This poster (#556) will be presented at the ACMG Annual Meeting by Miao Sun, molecular fellow, Friday March 27: 10:30am-noon. Stop by and learn more.
The hereditary ataxias are a group of neurological disorders that demonstrate extreme genetic heterogeneity, involving more than 300 genes and many mutations and mutational mechanisms. The traditional genetic testing approach of sequentially sequencing a large number of candidate genes is slow and expensive. Recent advances in sequencing technology make it possible to investigate the genetic causes of ataxia at the genomic level.
We have developed an exome sequencing-based approach for the molecular diagnosis of ataxia. Exome sequencing was performed using the Agilent SureSelect technology and sequenced on a HiSeq or NextSeq Illumina instrument. An average coverage of > 90% of all coding exons at minimum 30X read depth was obtained. Clinical exome sequencing was performed on 32 patients with ataxia of unknown genetic etiology and in whom prior trinucleotide repeat expansions had either been excluded or not implicated. We focused our analysis on variants identified in 332 carefully reviewed genes reported in isolated or syndromic forms of ataxia and other movement disorders, such as spastic paraplegia, that may have some overlap with ataxia.

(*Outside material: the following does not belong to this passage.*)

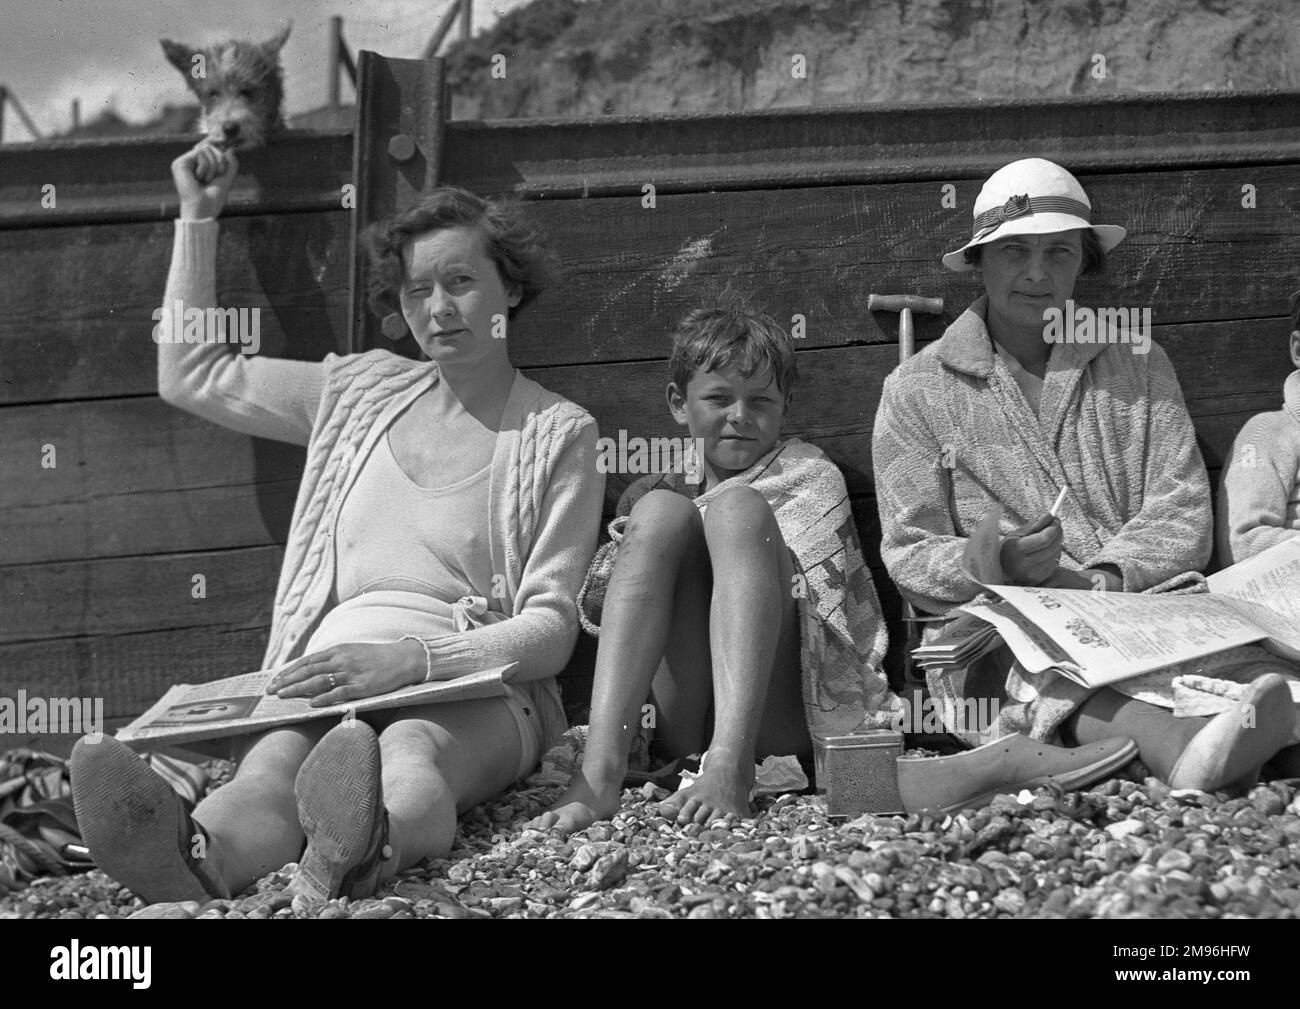 Persone in vacanza, appoggiate contro un demolitore su una spiaggia di ciottoli. La donna a sinistra sta tenendo un po' di cibo per un piccolo cane. Foto Stock

Pathogenic and highly likely pathogenic variants were identified in 16 out of 32 patients analyzed, providing a positive molecular diagnostic rate of up to 50%. Pathogenic variants were identified in 14 different genes including: ADCK3, APOB, ATM, CACNA1A, CSTB, DARS2, EIF2B2, ELOVL5, MECP2, NIPA1, SACS, SPG7, SPTBN2, SYNE1. Of the patients with pathogenic variants, approximately 20% were in the SACS gene, which is associated with autosomal recessive spastic ataxia of the Charlevoix Saguenay (ARSACS). Two of the patients had either compound heterozygous or homozygous truncating variants while a third patient had compound heterozygous missense variants determined to be in trans. The patient with the missense variants exhibited a milder phenotype with a very late age of onset atypical for ARSACS and this result potentially broadens the phenotypic spectrum in ARSACS. Highly suspicious missense variants were identified in the SPTBN2 gene, associated with autosomal dominant spinocerebellar ataxia 5, in two patients (12.5%). These patients demonstrated static or slowly progressive ataxia, cerebellar atrophy, dysarthria, hyperreflexia and nystagmus. Parental analysis is being pursued and the determination of these sequence changes in the de novo state will further strengthen their pathogenic nature. Two patients were identified to be carriers of a previously described pathogenic variant in the SH3TC2 gene, associated with recessive Charcot-Marie-Tooth disease type 4C or dominant mild mononeuropathy of the median nerve. These are likely to represent incidental findings, as the phenotype in the patients did not match. Incidental findings should therefore be considered even in cases where a specific gene set is being analyzed, especially when the gene set is large.
Our ataxia exome sequencing strategy of limiting analysis to a set of well-curated ataxia-related genes combines the advantages of panel and exome sequencing. Only genes known to be involved with ataxia are analyzed, limiting the numbers of extraneous variants identified. The process is also dynamic, as newly identified ataxia-related genes can immediately be included. Our strategy results in a high positive molecular diagnostic rate for the genetically heterogeneous group of ataxia disorders and is an important tool for further genotype-phenotype correlation studies.